Accuracy: ≤2 ULP for normal inputs.

elaborate(platform)
class compiler.fp32.FP32Sqrt(*args, src_loc_at=0, **kwargs)

Bases: Elaboratable

Combinational sqrt(x) for IEEE 754 float32.

Uses the identity: sqrt(x) = x × rsqrt(x) where rsqrt is approximated by 2 Newton-Raphson iterations:

y_{n+1} = y_n × (1.5 - 0.5×x×y_n^2)

Seed: classic Quake III fast inverse sqrt initial guess. Accuracy: ≤2 ULP for normal positive inputs.

elaborate(platform)

compiler.top_module

TopModule: sequences compiled kernels with dependency-driven copy states.

TopModule wires multiple CompiledKernel instances into a single Amaranth Elaboratable. A copy FSM transfers a producer kernel’s output buffer into the input buffers of whichever later kernels depend on it.

Ports

startSignal, in

Pulse high for one cycle to begin execution.

doneSignal, out

Pulses high for one cycle when all kernels have finished.

ext_write_portsdict[(k_idx, buf_idx), {wen, waddr, wdata}]

External write ports for all non-intermediate input buffers.

output_rport{raddr, rdata}

Read port for the final kernel’s output buffer.

FSM sequence (example)

IDLE → K0_RUN → K0_WAIT → COPY_K0_G0 → K1_RUN → K1_WAIT → K2_RUN → …

class compiler.top_module.TopModule(*args, src_loc_at=0, **kwargs)

Bases: Elaboratable

Hardware sequencer for N compiled kernels.

Parameters:
  • kernels (list[CompiledKernel]) – Kernels to run in order.

  • connections (list[tuple[int, int, int, int]]) – Each entry is (src_k, src_buf, dst_k, dst_buf): the source buffer of kernel src_k is DMA-copied into input buffer dst_buf of kernel dst_k after src_k completes.

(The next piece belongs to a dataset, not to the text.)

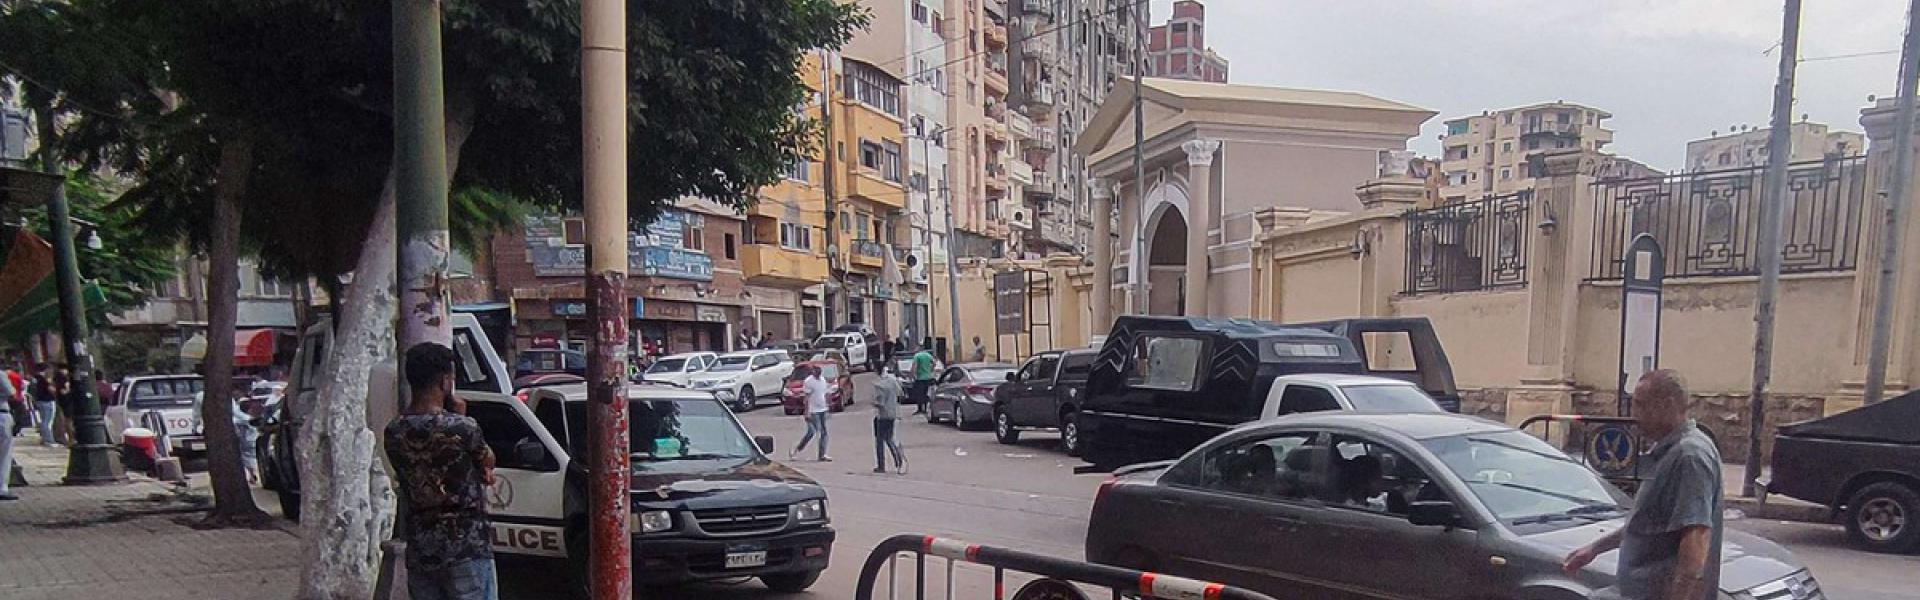 مصر شهدت هجمات ضد سياح اسرائيليين

  • buf_depths (dict[tuple[int,int], int]) – Maps (k_idx, buf_idx) → element count for each buffer involved in a copy (used to know when the copy counter overflows).

elaborate(platform)
compiler.top_module.simulate_top(top, input_data, clock_period=1e-08)

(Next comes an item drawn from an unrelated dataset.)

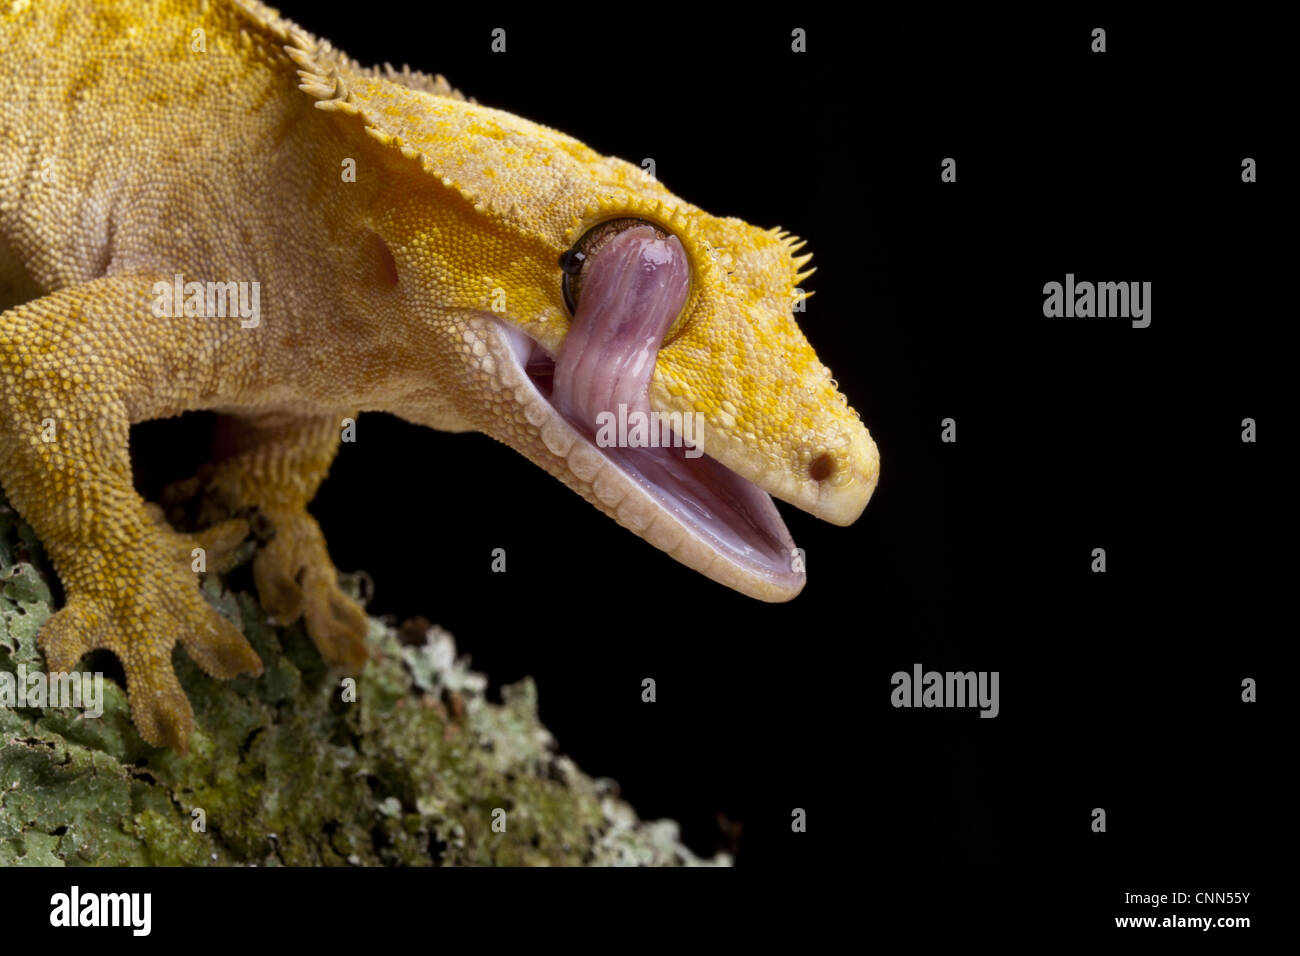 Nuovo Caledonian Crested Gecko (Rhacodactylus ciliatus) adulto, close-up di testa, leccare occhio con linguetta, Nuova Caledonia Foto Stock

Simulate a TopModule end-to-end.

Parameters:
  • top (TopModule) – The assembled top module.

  • input_data (dict[tuple[int,int], np.ndarray]) – Maps (k_idx, buf_idx) → numpy array for each external input buffer.

  • clock_period (float) – Simulation clock period in seconds.

Returns:

  • output (np.ndarray) – Contents of the final kernel’s output buffer (int32).

  • cycle_counts (dict) –

    Breakdown of clock cycles:
    • ”load”: cycles spent writing input data into BRAM

    • ”compute”: cycles from start-pulse to done-pulse

    • ”readback”: cycles spent reading output data from BRAM

    • ”total”: sum of all three

    • ”states”: cycles spent in each top-level FSM state during compute

  • wall_s (float) – Wall-clock seconds for the simulation.

compiler.utils

Utilities for inspecting tinygrad UOps and generated hardware.

compiler.utils.format_uops(uops: List[UOp], full_width: bool = False) str

Format a linearized UOp list as a readable table.

Each row: index, op name, dtype, arg, sources (by index). If full_width is True, columns expand to fit content without truncation.

compiler.utils.pretty_print_uops(uops: List[UOp], full_width: bool = False) None

Print a linearized UOp list in a readable table format.

compiler.utils.show_hardware(kernel, out_dir: str, *, stage: str = 'opt', fmt: str = 'svg') str | None

Generate a Yosys schematic of a CompiledKernel.

Parameters:
  • kernel (CompiledKernel) – The compiled kernel module.

  • out_dir (str) – Directory to write the output file.

  • stage (str) –

    Level of Yosys lowering before drawing:

    ”rtl” — raw RTLIL structure (closest to source) “opt” — after proc + opt + clean (recommended default) “generic” — after technology mapping to generic cells “mapped” — after full ECP5 synthesis (very detailed)

  • fmt (str) – Output format: “svg” (default), “pdf”, or “png”.

Returns:

Path to the generated file, or None if yosys/dot not available.

Return type:

str or None

compiler.utils.synthesis_stats(kernel, device: str = '45k', package: str = 'CABGA381')

Run Yosys + nextpnr-ecp5 and return resource/timing data.

Returns a dict with:

mem_bits – total on-chip storage in bits (from buf_infos) fp32_units – FP32 submodule count (from RTLIL) fmax_mhz – achieved Fmax in MHz (float), or None if unavailable comb – TRELLIS_COMB cells used (LUT equivalent) ff – TRELLIS_FF flip-flops used dp16kd – DP16KD block RAM tiles used mult18 – MULT18X18D DSP multiplier tiles used from_synth – True when Yosys+nextpnr ran successfully

Falls back gracefully when Yosys or nextpnr-ecp5 is not on PATH.